At present, the main methods for webpage denoising include a rule-based denoising method, a template-based denoising method, a visual content-based denoising method, and the like. The rule-based method is to preset some heuristic rules and screen out text contents meeting the rules, and the method is only suitable for some simple webpages, and complex heuristic rules are needed for webpages with complex structures, so that the method has limitations. The template-based method is high in denoising speed, but a template suitable for a specific website webpage is often required to be constructed manually and cannot be used as a general webpage denoiser, in 2010, lilililii et al, in a thesis Document information extraction method research based on an HTML tree and a template, webpage similarity calculation is adopted to classify different webpages, a corresponding template is constructed for each class, the template utilizes position information of main body content, when the main body content is dispersed to multiple Document Object Model (DOM) nodes, the nearest father node containing the main body content is selected as the template, the extracted main body information may contain a large amount of noise, and the denoising effect is greatly influenced. The denoising method based on visual contents firstly divides a webpage into different blocks, predicts the importance degree of the webpage blocks by utilizing manual labeling and a neural network and a support vector machine, and finally selects the webpage block with the highest importance degree, but the method has large calculation amount and low efficiency.

Disclosure of Invention

The invention aims to solve the technical problem of providing a webpage denoising method and system based on cooperative work of a template and a classifier, which can automatically generate a denoising template for preprocessing, perform classification judgment on DOM nodes by the cooperative classifier, and finally extract main body information; the method has the advantages of less manual intervention and high efficiency, and is suitable for denoising various theme type webpages.
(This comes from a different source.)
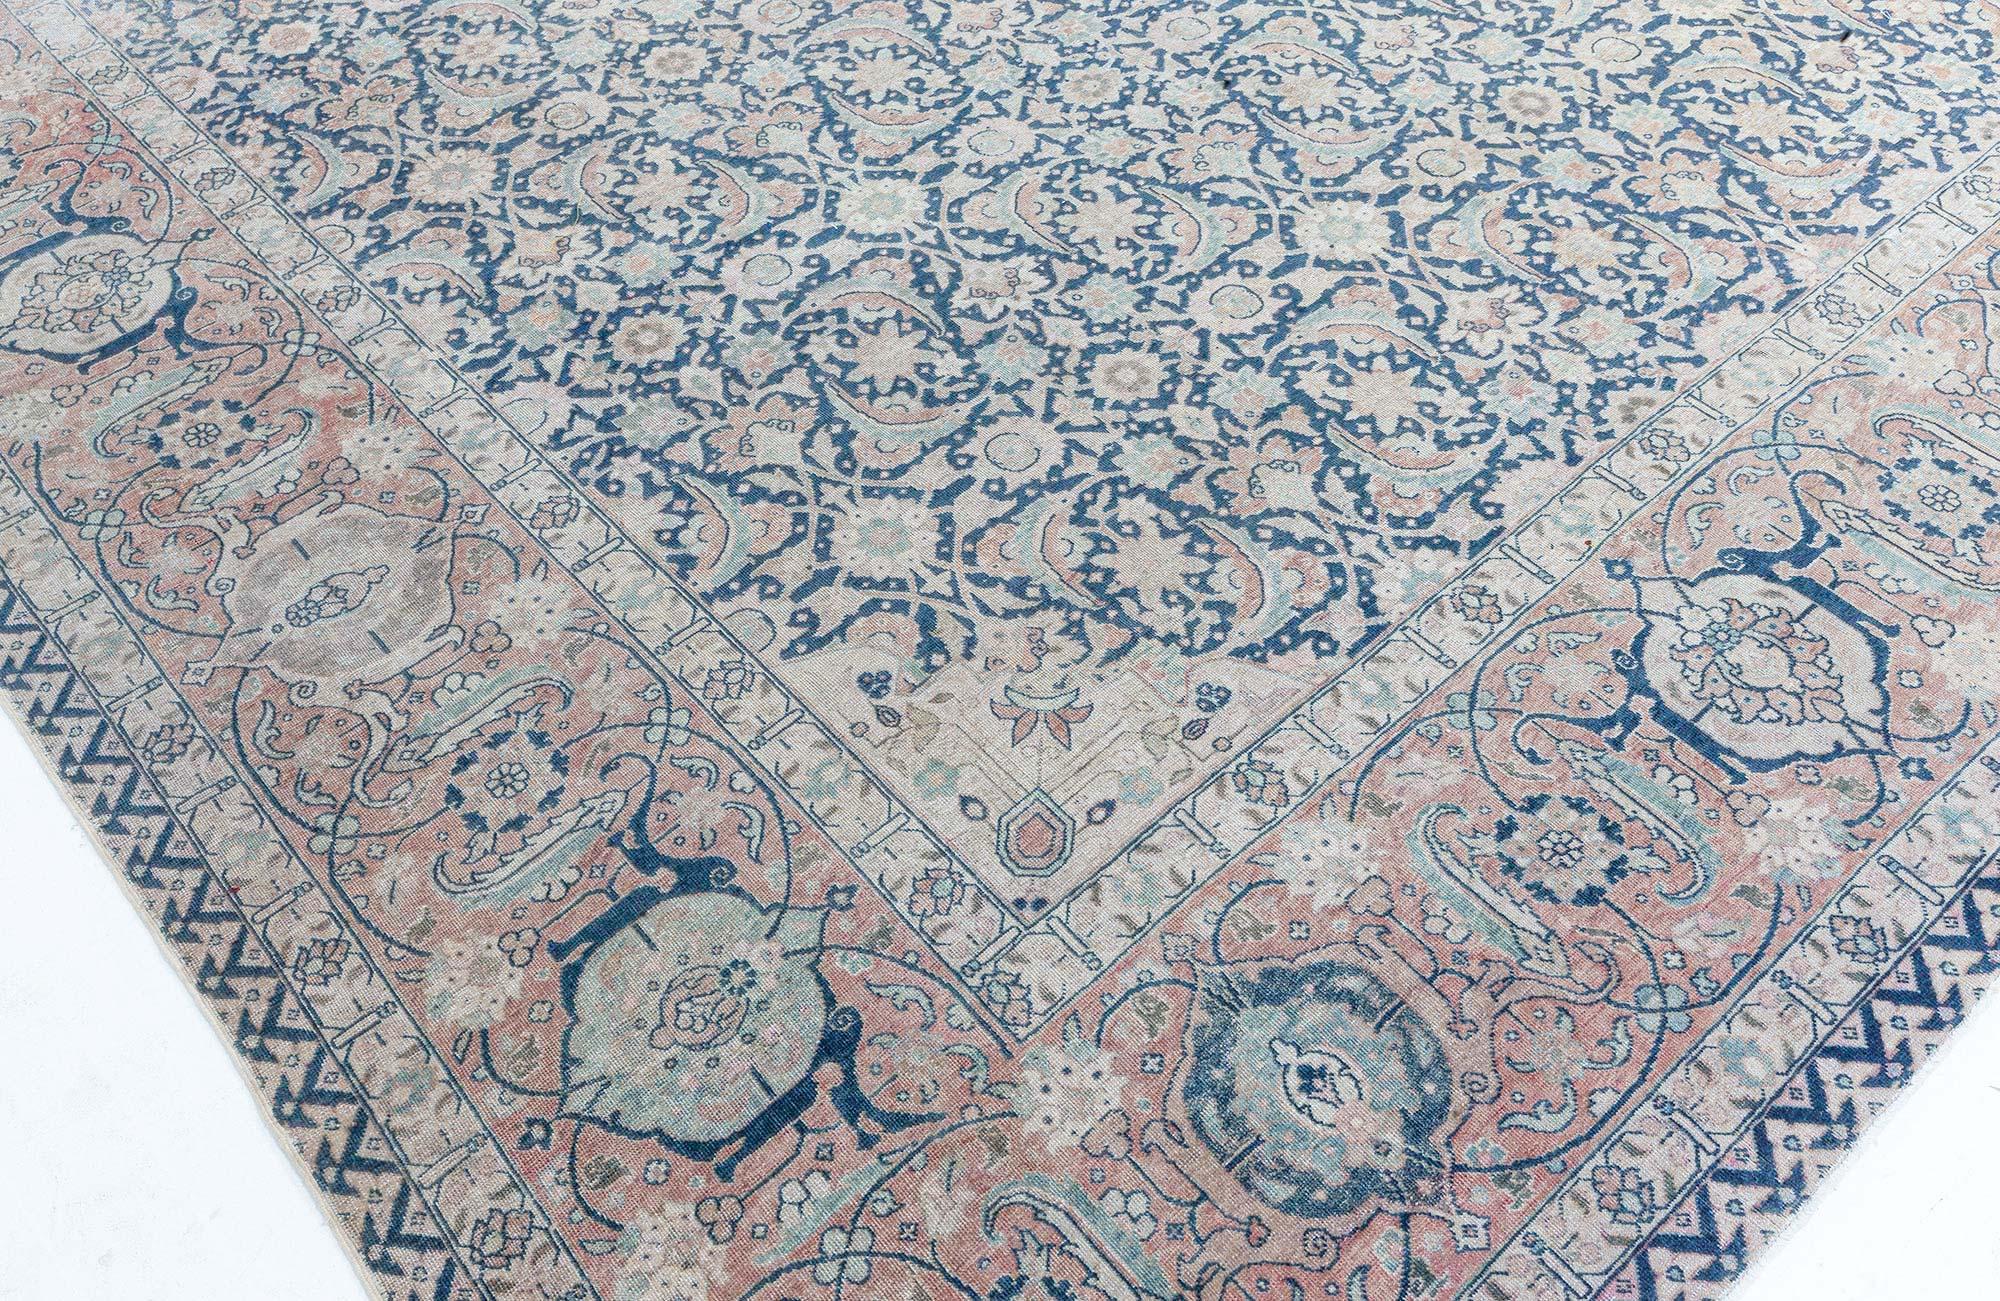 Antique Persian Tabriz rug.
Size: 13'9

In order to solve the technical problems, the invention adopts the technical scheme that:

a webpage denoising method based on cooperative work of a template and a classifier comprises the following steps:

step 1: downloading a target webpage and acquiring an original HTML document;

step 2: analyzing an original HTML document, deleting irrelevant tag nodes, correcting a DOM tree, and generating a simplified DOM tree meeting the requirement;

and step 3: calculating the characteristics of each block level node in a DOM tree of a target webpage to obtain an original node set of the target webpage;

and 4, step 4: generating a template, namely adding the original node set into a cache node set of a corresponding website, and triggering a template generation algorithm to update the template node set of the corresponding website when the number of elements in the cache node set reaches a preset threshold value;

and 5: filtering an original node set of a target webpage by using a template node set of a website to which the target webpage belongs, and outputting a filtered target webpage node set;

step 6: training a classifier, namely marking some nodes as noise and a main body in advance, and training the classifier by using the marked nodes as training samples until the classifier achieves a preset classification effect;

and 7: and classifying the filtered target webpage node set by using a trained classifier, reserving the classification result as a node of the main content, and extracting a main content text from the node.

Further, the step 1 specifically comprises: the method comprises the steps of webpage downloading and webpage discovery; the webpage downloading is responsible for downloading the target webpage and storing the target webpage into the database in a classified manner according to the difference of domain names and addresses of the target webpage, and the webpage finding is responsible for finding a new webpage address meeting the requirement and adding the new webpage address to the list to be crawled.

Further, the step 2 specifically comprises: pretreatment and correction are included; preprocessing is responsible for deleting tags which do not contain text content, including annotations, scripts and styles, and correcting namely correctable errors of a DOM tree, including "< >" matching errors and tag pair matching errors.

Further, in step 3, the node characteristics include: the node text content length-to-document text content length ratio, the node text content length, the node text content punctuation mark length-to-node text content length ratio, the node link label number-to-document link label number ratio, the node picture label number-to-document picture label number ratio, the node weight fraction, the node internal link character-to-text content length ratio, the node internal link label number plus picture label number-to-node text content length ratio.

Further, in step 6, a classifier model adopted by the classifier is a Support Vector Machine (SVM) or a Classification And Regression Tree (CART).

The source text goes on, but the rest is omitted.